Meredith had set his hands upon his fellow officers and the crew NCOs with the combination of trepidation and over-resolute firmness he might have employed with plague victims. Yet, these men were unmarked by evident disease. The warmth of their skin seemed normal. Nor were there any signs of wounds, except where one NCO had tumbled forward, breaking his nose. The man snorted blood like an ineptly shot animal as they laid him down properly.
Then Meredith needed to stand, as the nausea grew stronger. He saw Lucky Dave's eyes, and for a moment he thought they were staring at him. But it was only a trick of angles and light. There was no recognizable human expression on Heifetz's face. Only an unintelligent confusion of muscles.
"Let's go outside," Taylor repeated. He held Meredith firmly by the upper arm, and he steered him as carefully as possible over the closely aligned bodies.
The bloody-nosed NCO began to grunt loudly and rhythmically. Meredith recoiled, as if a corpse had bitten him. But Taylor had him in a close grip. He directed the younger man toward the rear hatch.
"Watch your step, Merry," he
said.
The clean, cold air cued the sickness in Meredith's stomach. He stumbled down onto the snow-covered earth and began to retch. Taylor loosened his grip slightly, but never quite relinquished control of Meredith's arm.
When he was done, Meredith scooped up a handful of clean snow and wiped his mouth. He chewed into the cold whiteness. The regimental surgeon had counseled the men not to use snow to make drinking water, since the regional pollution had reached catastrophic extremes. But Meredith instinctively knew that anything was cleaner than the waste remaining in his mouth.
"It's all right," Taylor said.
Meredith began to cry hard. He shook his head. He knew that something was terribly, horribly wrong. None of his experiences offered a frame of reference for this. He could not understand what his eyes were seeing. He only knew that it was hideous beyond anything in his experience, without having any conscious understanding of why.
"What happened?" he asked, begging for knowledge.
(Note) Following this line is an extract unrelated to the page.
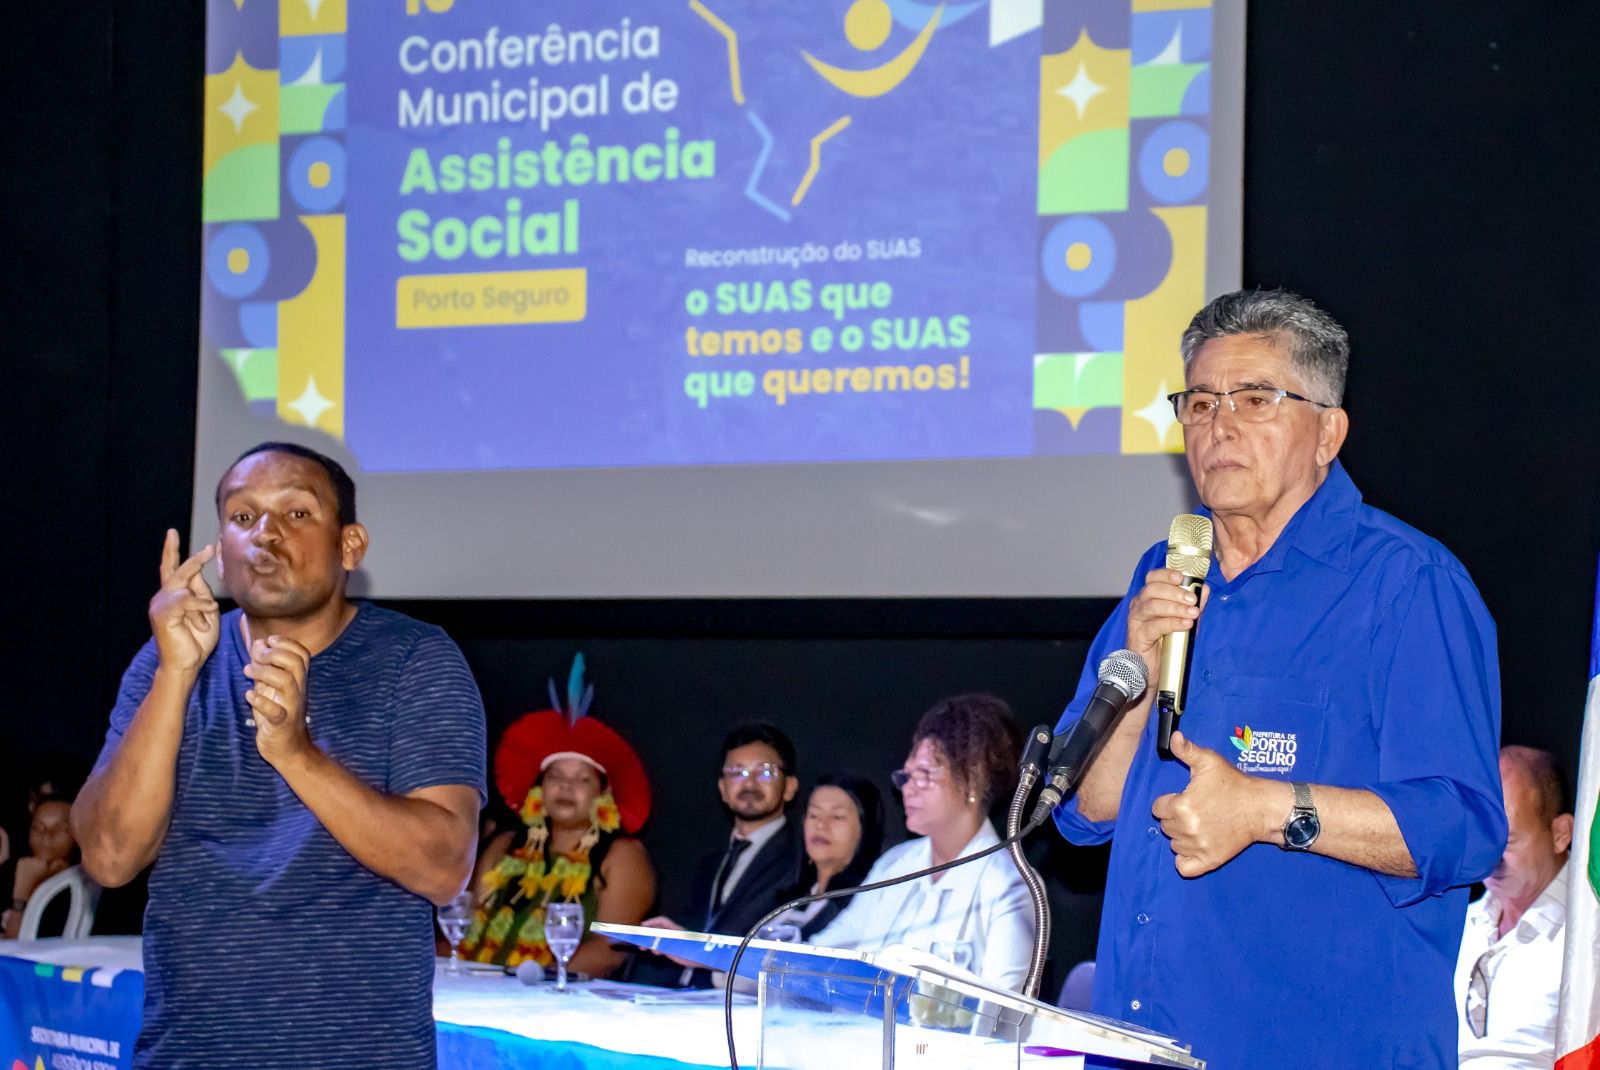 Conferência Municipal de Assistência Social reúne mais de 500 participantes 67

"Quietly," Taylor said. "Speak quietly."
Meredith looked at the colonel. The cold made the old man's scars stand out lividly. But the sight of Taylor's ruined face was nothing beside the inexplicable condition of the men inside the M-100.
"Why?"
"Just speak quietly."
"Why? For God's sake, what's the matter with Lucky Dave? Is he going to be all right?"
"Merry, get a grip on yourself. We have work to do."
"What's going on?" Meredith demanded, his voice almost a child's.
"You have to keep your voice down. They might hear you. Let's not make it any worse for them."
Meredith looked at Taylor in shock. It had never occurred to him that the ruptured behavior of the men they had found might include consciousness of the speech of others. It was too incongruous. The men had obviously lost their minds. Their eyes didn't even focus. They were shitting and pissing all over themselves.
"Listen to me," Taylor said quietly. The snow was beginning to decorate his shoulders. "I think they hear us.